Stores selling more tickets have most lottery winners

Springfield business 12th in Ohio for sales.Clark County businesses sold more than $68 million of lottery tickets in three years.


Lottery winnings

2013:

Plum Food Mart: $400,579

Gibson’s Carryout: $189,264

Meijer Inc.: $182,647

West Main BP: $102,706

Beverage Oasis: $93,008

Lottery Winnings

2012:

Plum Food Mart: $1,210,099

Meijer Inc.: $550,974.50

Leen’s Carryout: $330,549

Kroger Co.: $304,761

T&A Grocery & Carryout: $304,666

Lottery Winnings

2011:

Plum Street Food Mart: $1,260,695

Meijer Inc.: $497,873

Leen’s Carryout: $329,541

T&A Grocery & Carryout: $314,444

Fricker’s: $310,771

A Springfield store where players have won more than $2.8 million in prizes the last three years is among one of the best places in the state to hit the lottery.

The chance of winning increases if the lottery player purchases the ticket at a store with a high amount of sales, a Springfield News-Sun examination revealed.

Clark County businesses have sold more than $68.3 million in lottery tickets in the past three years.

Plum Food Mart on North Plum Street is the No. 1 store in Clark County and ranks 12th in the state for lottery ticket sales for the past six years.

In the last three years, Plum Food Mart sold more than $3.5 million in lottery tickets.

“Sales and prizes typically follow each other.
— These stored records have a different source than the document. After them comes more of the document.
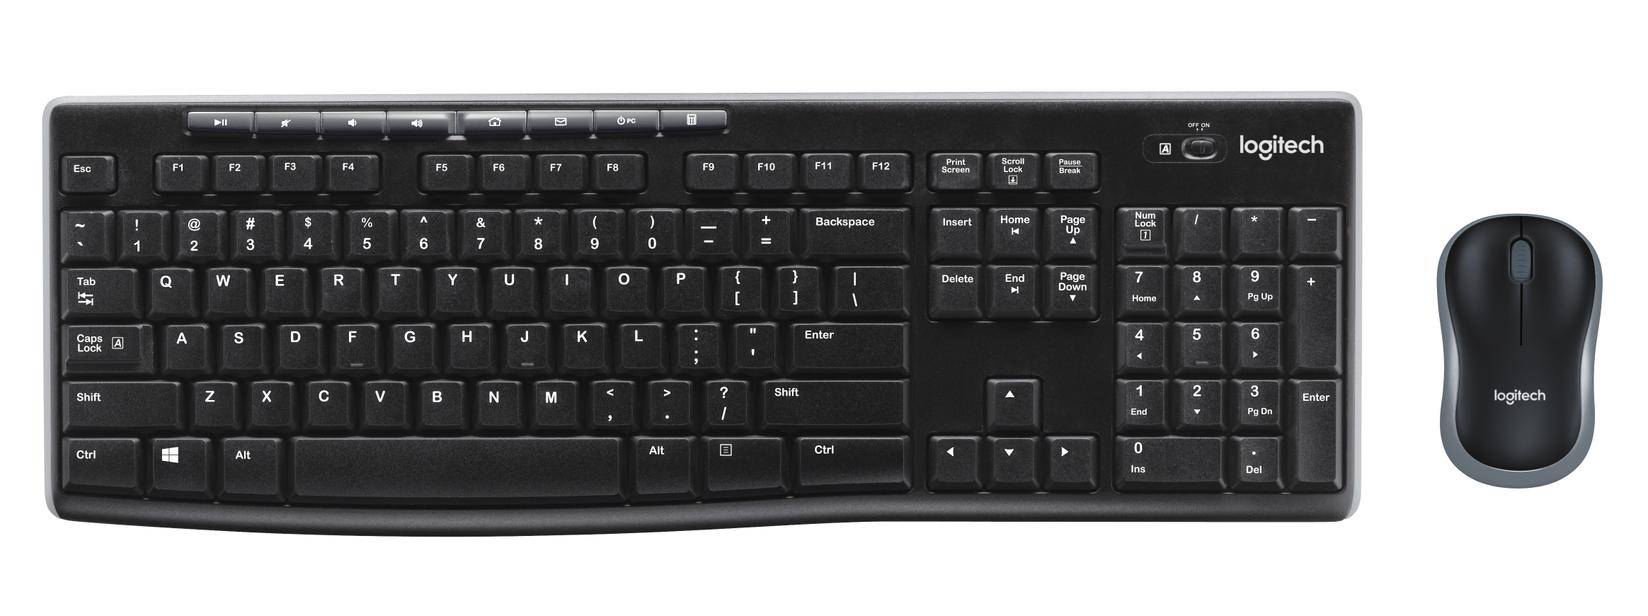 Logitech MK270 Bežična tastatura i miš, Crni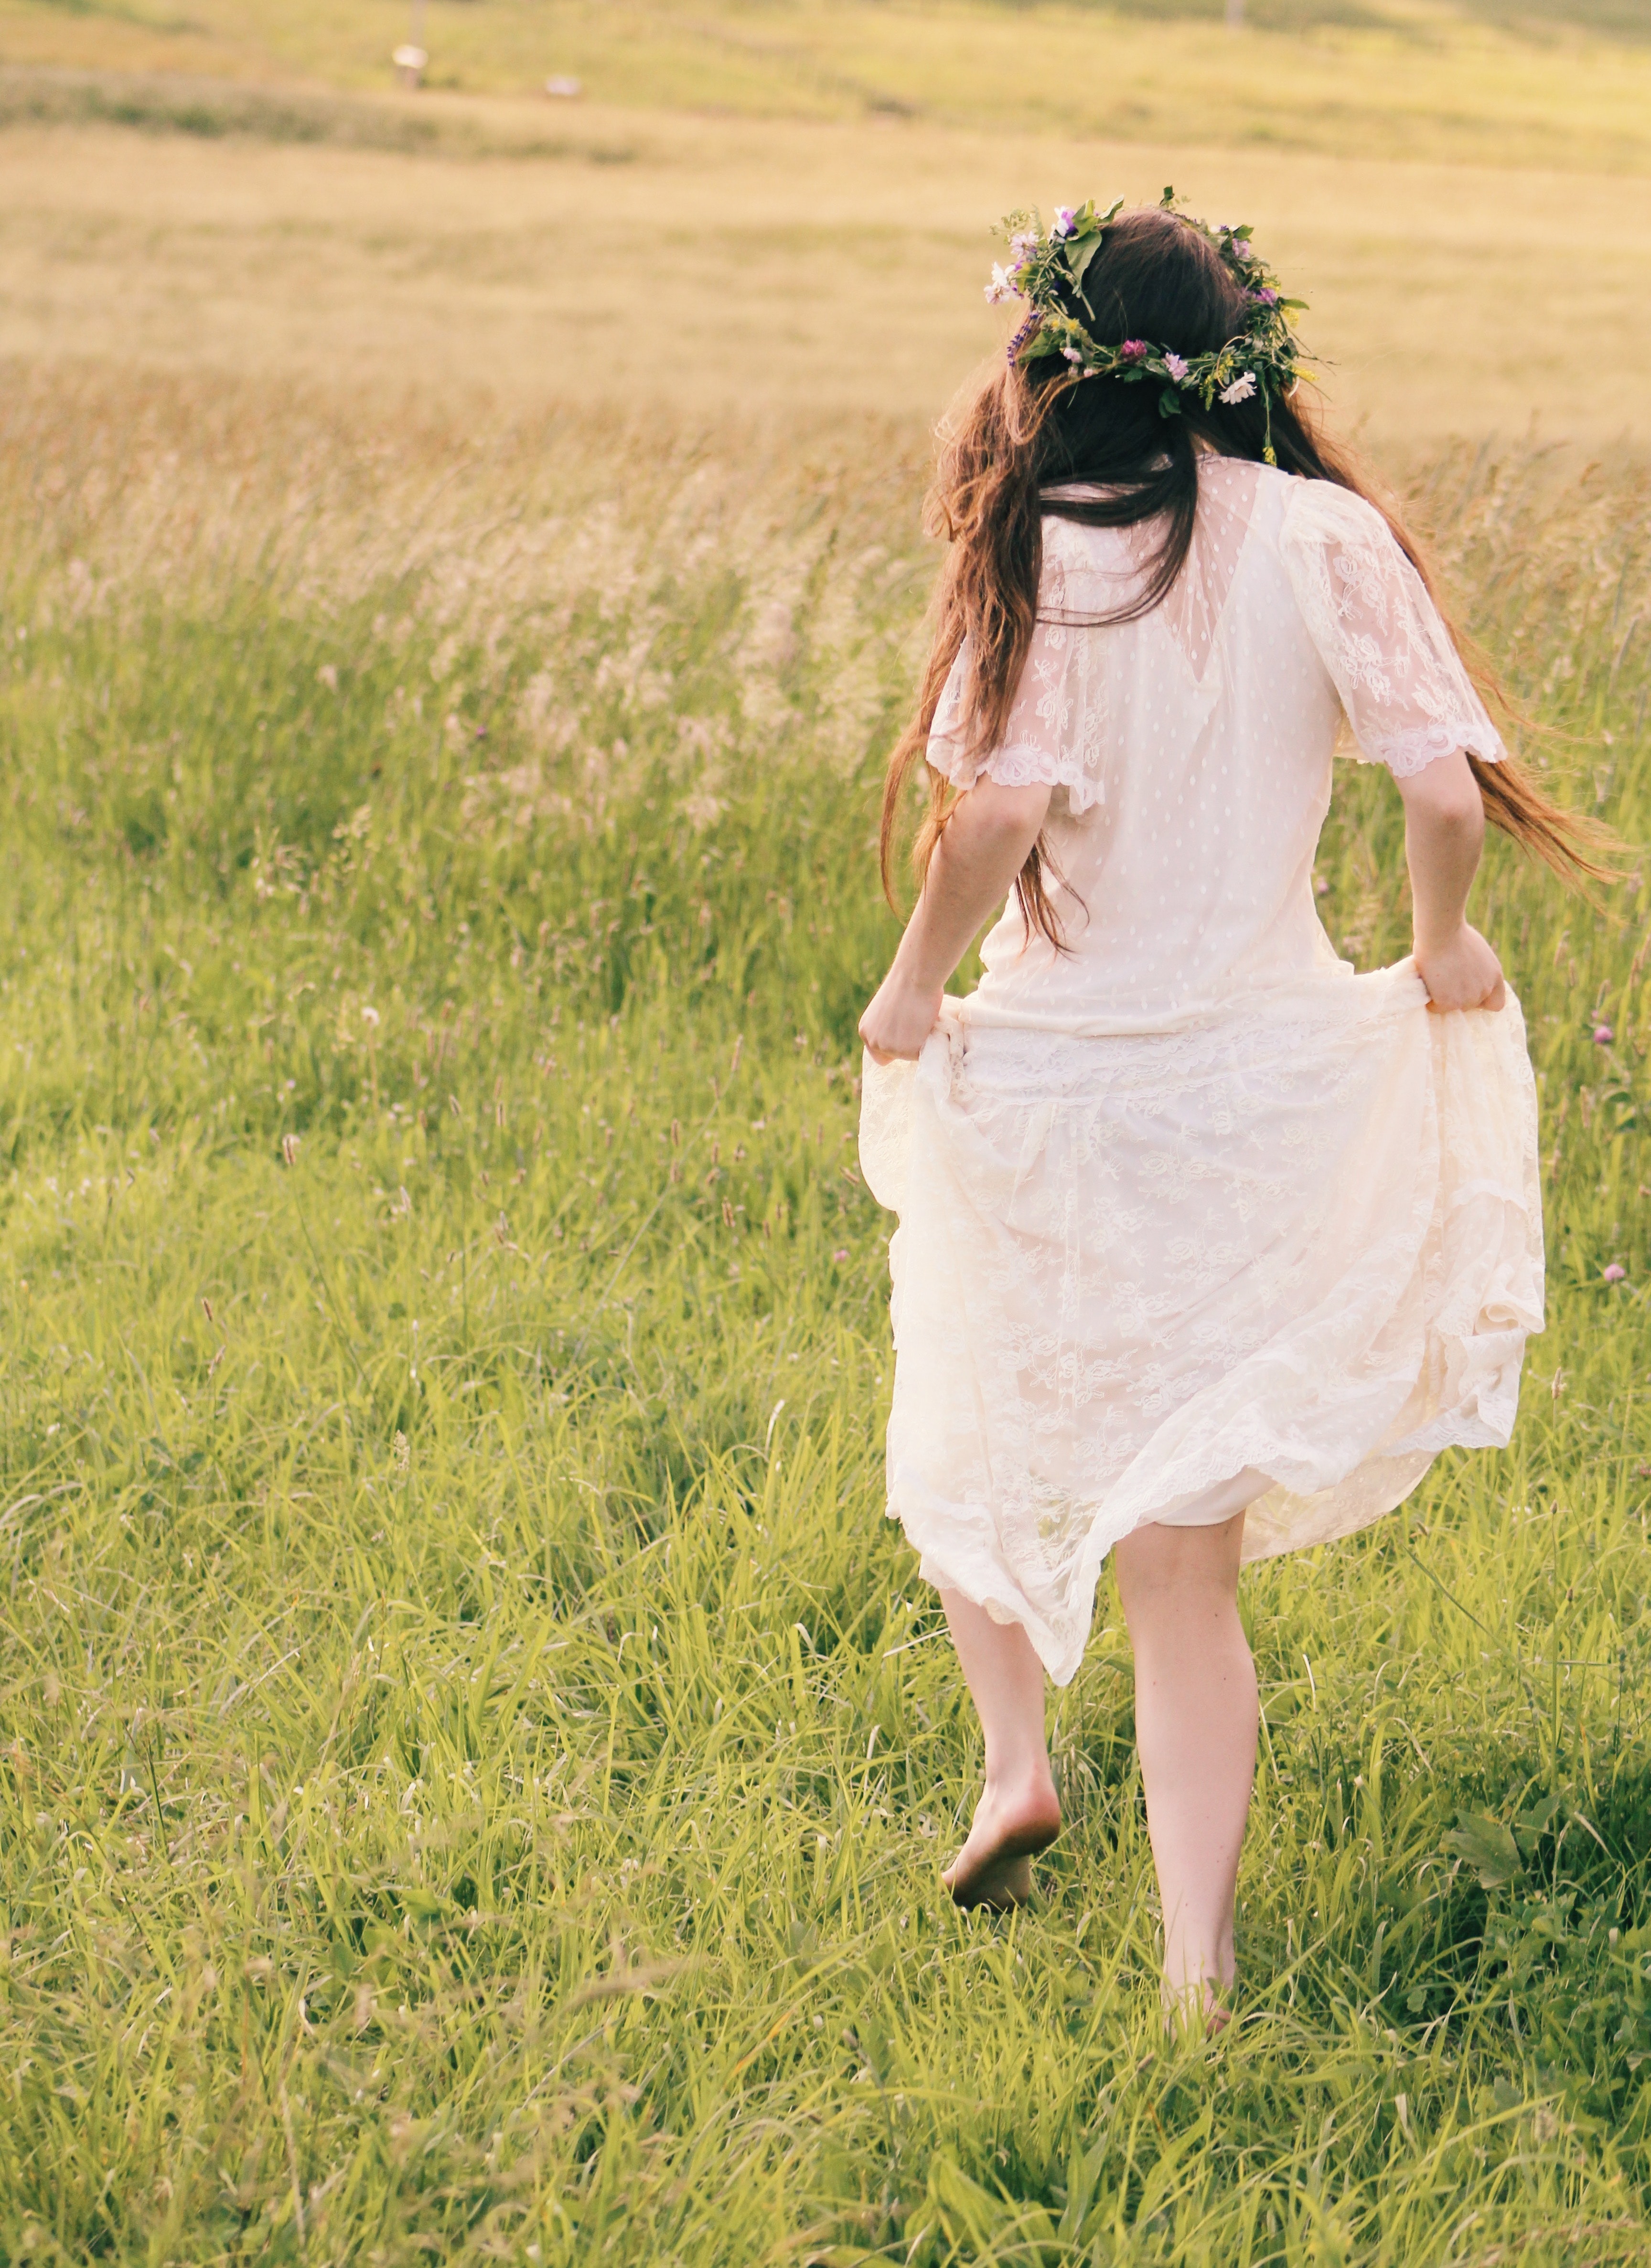 Woman wearing white floral dress photo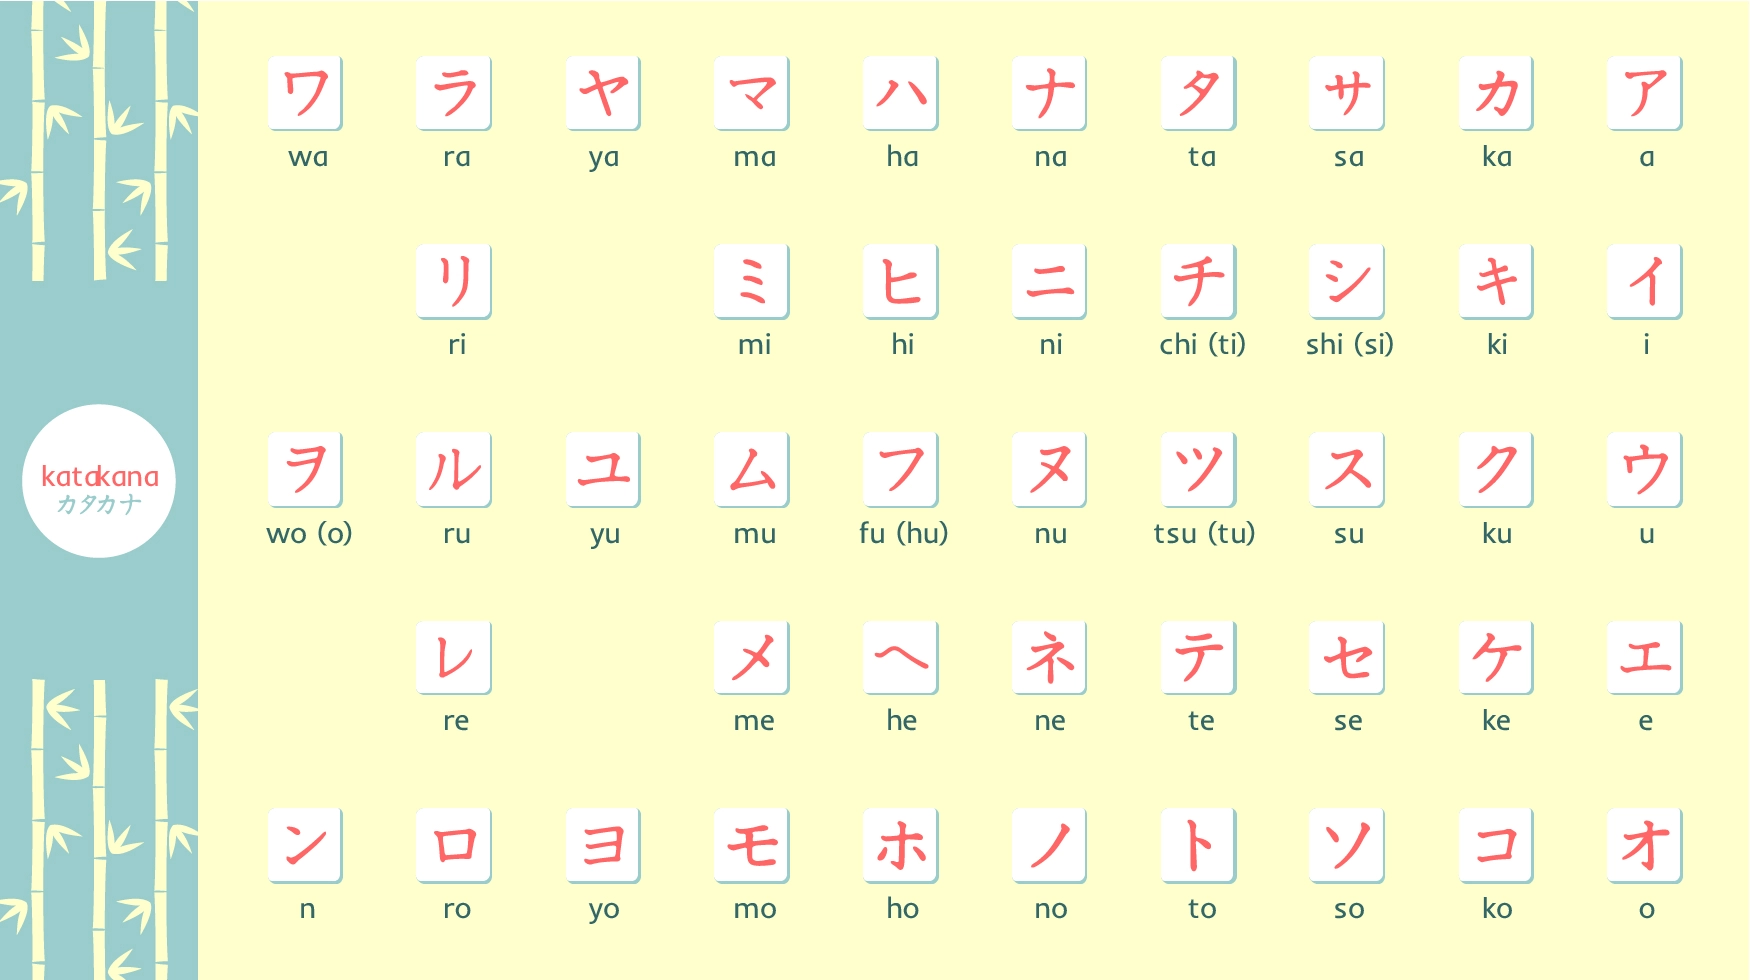 Bảng học chữ cái Katakana đẹp nhất

Outlets with the most sales will generally also have the most winners over time,” Marie Kilbane Seckers, director of marketing and communications for the Ohio Lottery.

Such Patel, owner of Plum Food Mart, said the majority of his store sales are lottery tickets.

The reason his store wins so often, he said, is because the tickets process and are ordered so fast due to the large amounts that are sold.

By comparison, in the last three years, the Meijer store on Hillcrest Avenue sold more than $1.59 million in lottery tickets — about $1.9 million less than Plum Food Mart. Meijer lottery players claimed more than $1.2 million in prizes during that time.

Leen’s Carryout on Mechanicsburg Road sold $1.1 million worth of tickets and had $739,000 in total prizes.

T&A Grocery & Carryout sold $1.29 million in the three years with the total prizes of $684,000.

The stores had an increase in sales from 2011 to 2012.

However, due to the recent opening of casinos and racinos, Ohio lottery sales are expected to decline.

“We projected a 5 percent decline in state sales across the board in fiscal year 2013 due to the opening of casinos in the state,” said Kilbane Seckers. “Instant sales, which make up more than half of our sales, are down 4.5 percent to date. Overall, lottery sales are essentially flat, down 1.6 percent.”

According to Kilbane Seckers, stores earn a statewide average of 6.2 percent in commissions on sales and for cashing tickets. The rest of the proceeds from lottery sales, by state law, are used for education purposes in Ohio.

When the jackpot was up, Patel’s store sold $10,000 in Mega Million tickets in just one day.

Plum Food Mart has a section just for the lottery and has regulars that come in multiple times a week just to buy tickets and play games.

Patel says customers come in daily.

“I play the Pick 3 and Pick 4 everyday,” said Sylvester White, a regular customer at Plum Food Mart.

The most White has won is $5,000.

Russell Hoffett is another regular customer. He comes in by the week to buy tickets, hoping to win the millions that everyone desires to have.

“This is the luckiest place in Clark County. People always win from here,” said Patel.

A little over two years ago, Cole Barker, who works at Greenon Local Schools as a technology director, won $2 million from Patel’s store.

Barker was asked to try out a new lottery ticket and thought to himself that $20 was a lot of money for one ticket, but he did it, not knowing the luck he was about to have.

“Life was good before I hit the lottery. It’s just icing on the cake,” said Barker.

After winning the $2 million, Barker has also won more than $22,000 from Plum Food Mart.

Ohio has only had two Powerball jackpot winners, both in 2010 from the Columbus and Toledo areas, but has had 17 $1 million to $2 million Powerball prizes since 2012.

The Ohio Lottery says it awards close to 10 million prizes each month, usually $100 or less.

The website has a “lucky store” locator that shows lottery players where tickets worth $1 million have been sold since 2011.